Assessment of hypertensive population
targets risks of T2D, low blood pressure

PISA, ITALY – Research utilizing a Renal Insufficiency and Cardiovascular Events (RIACE) Italian multi-center study cohort, at variance with the general hypertensive population, indicates that resistant hypertension does not predict death beyond target- organ damage.

Findings in the study published in April in BMC Medicine may be explained by the high mortality risk conferred by type 2 diabetes (T2D) and the low blood-pressure (BP) values observed in controlled-hypertensive patients.

The researchers---including Anna Solini and Giuseppe Penno, University of Pisa, Pisa, Italy---indicate that this may mask risk associated with resistant hypertension, and that less-stringent BP goals may be preferable in high-risk patients with T2D.

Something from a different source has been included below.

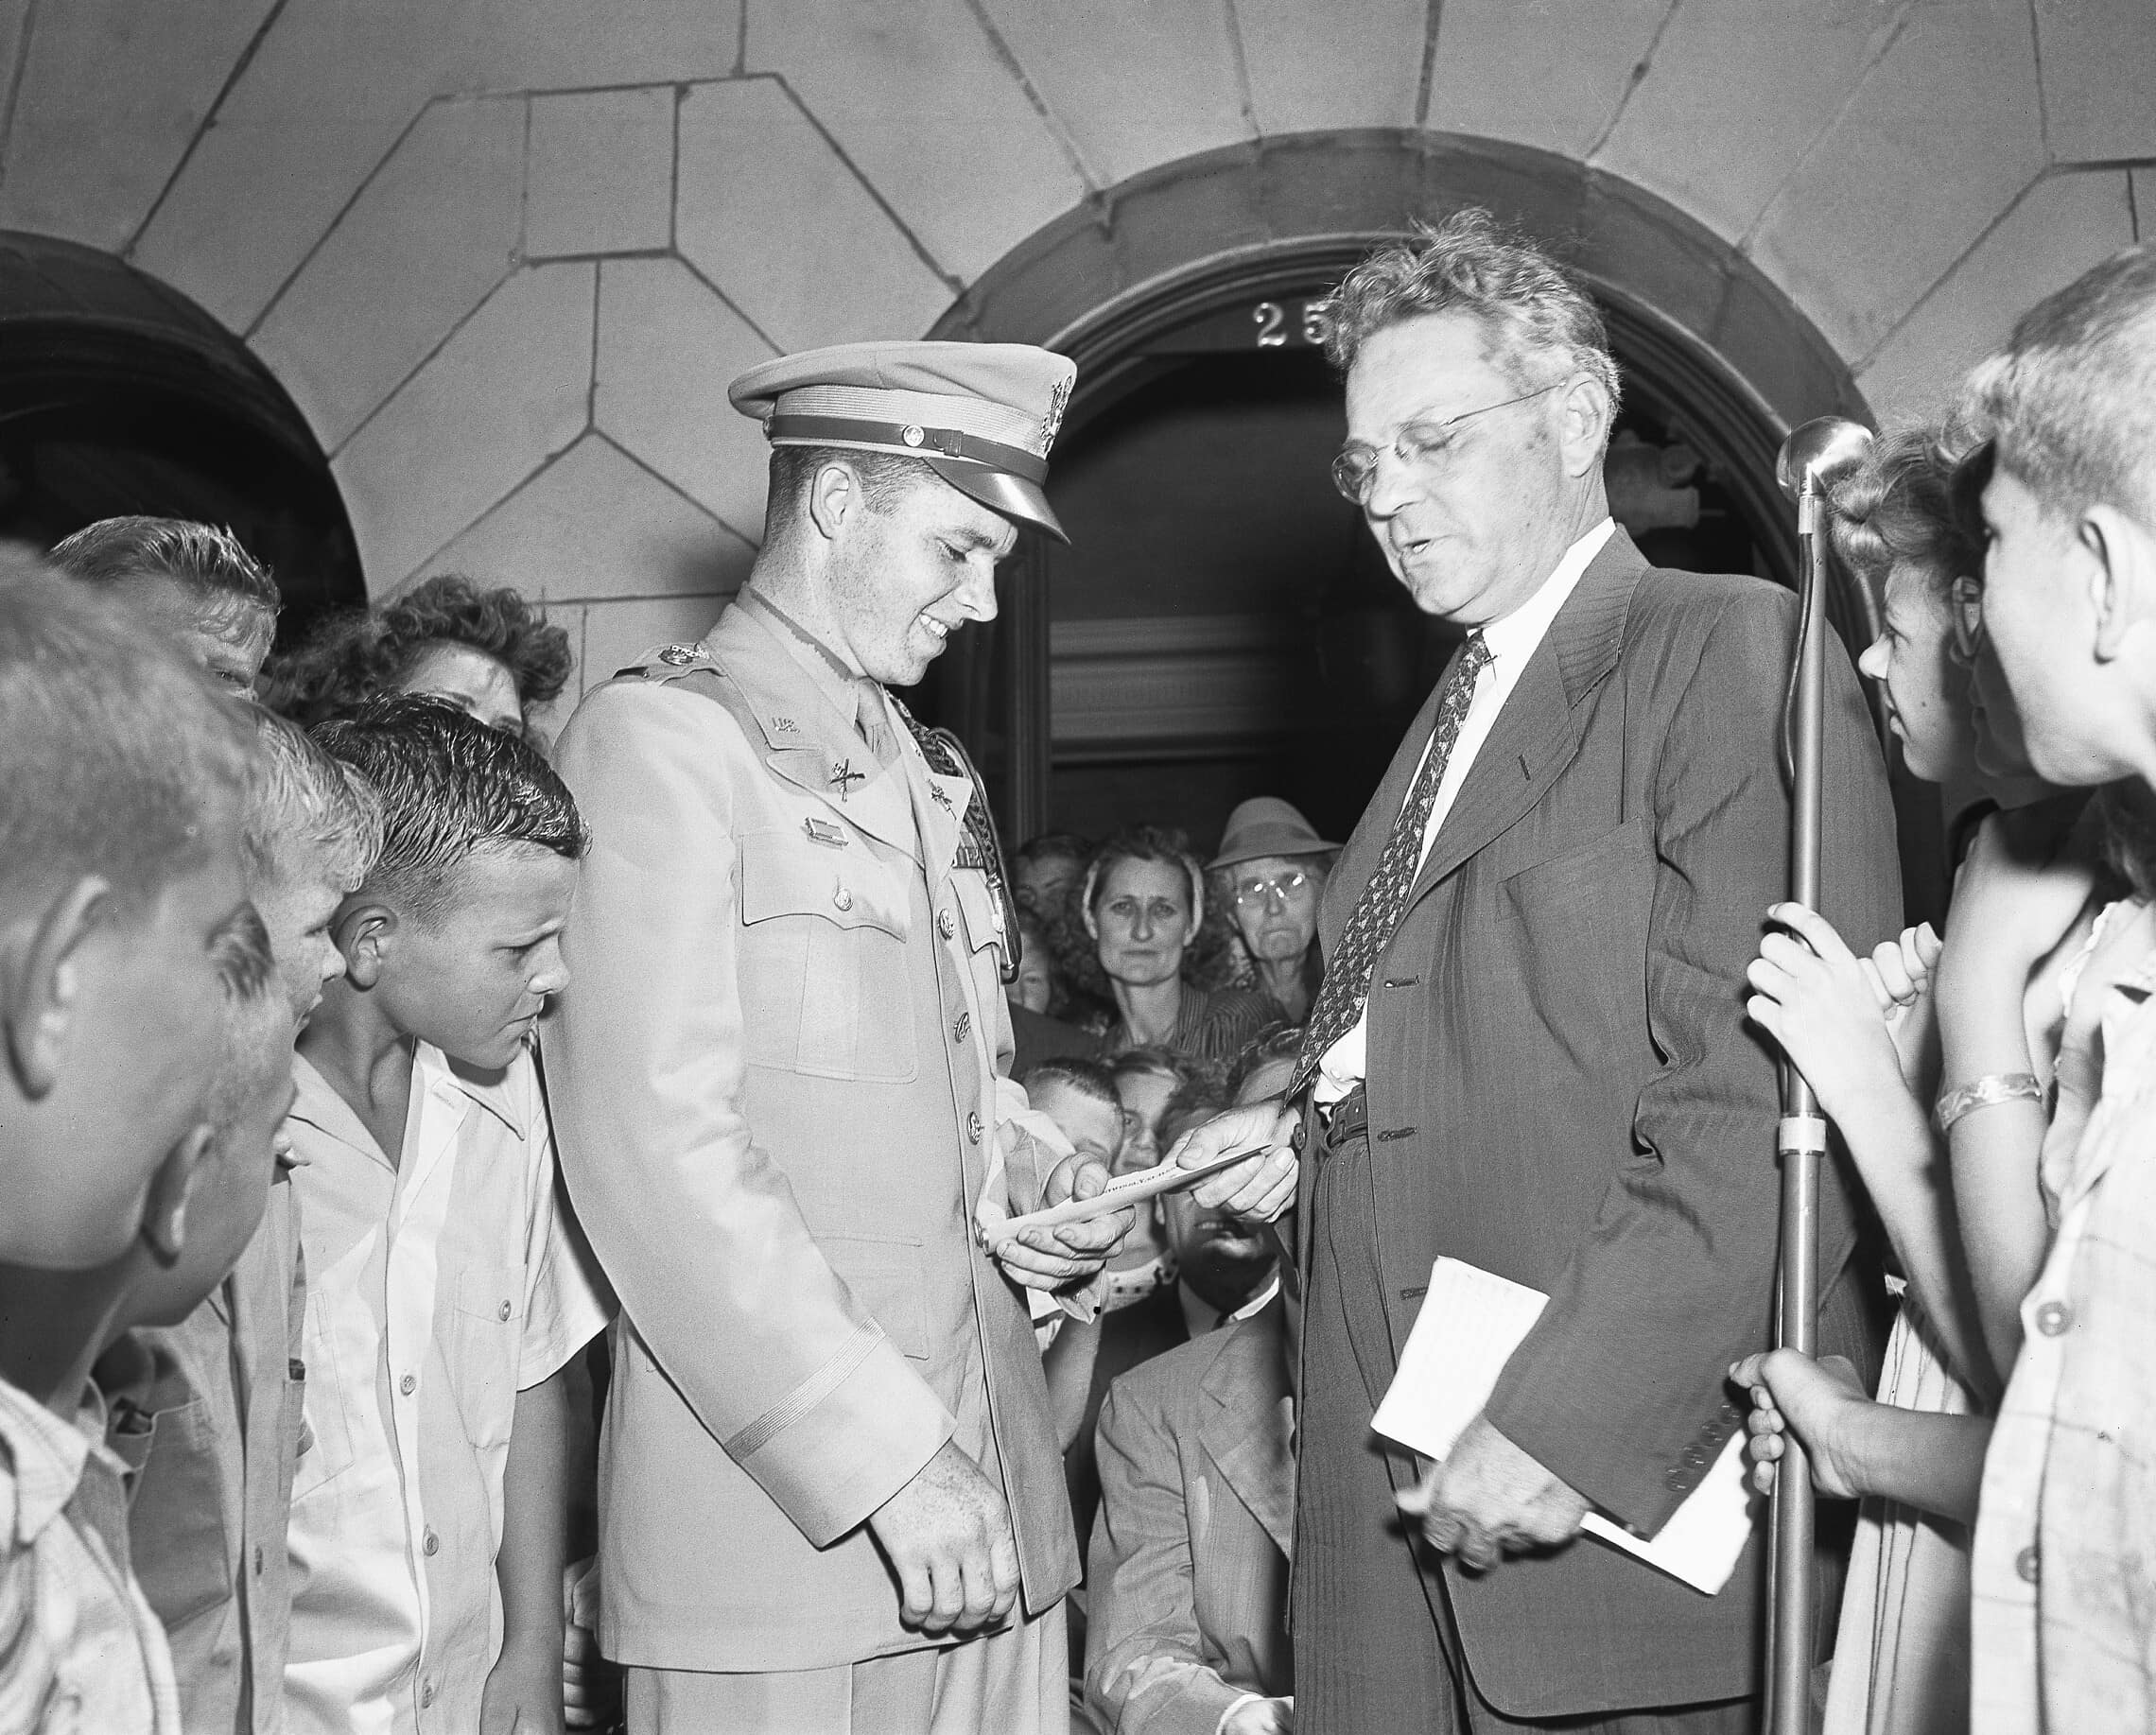 אודי מרפי מקבל צ&#039;ק בסך אלף דולר ממפקד הלגיון האמריקאי בטקסס, 27 ביוני 1945 (צילום: AP Photo/Carl E. Linde)

The researchers retrieved vital-status information in 2015 for 15,656 of the 15,773 participants enrolled in 2006-to-2008. Based on baseline BP values and treatment, participants were categorized as:

  • normotensive
  • untreated hypertensive
  • controlled hypertensive
  • uncontrolled hypertensive
  • resistant hypertensive

Using the 130/80 mmHg targets for categorization, crude mortality rates and Kaplan–Meier estimates were highest among resistant hypertension participants, especially those with controlled-resistant hypertension.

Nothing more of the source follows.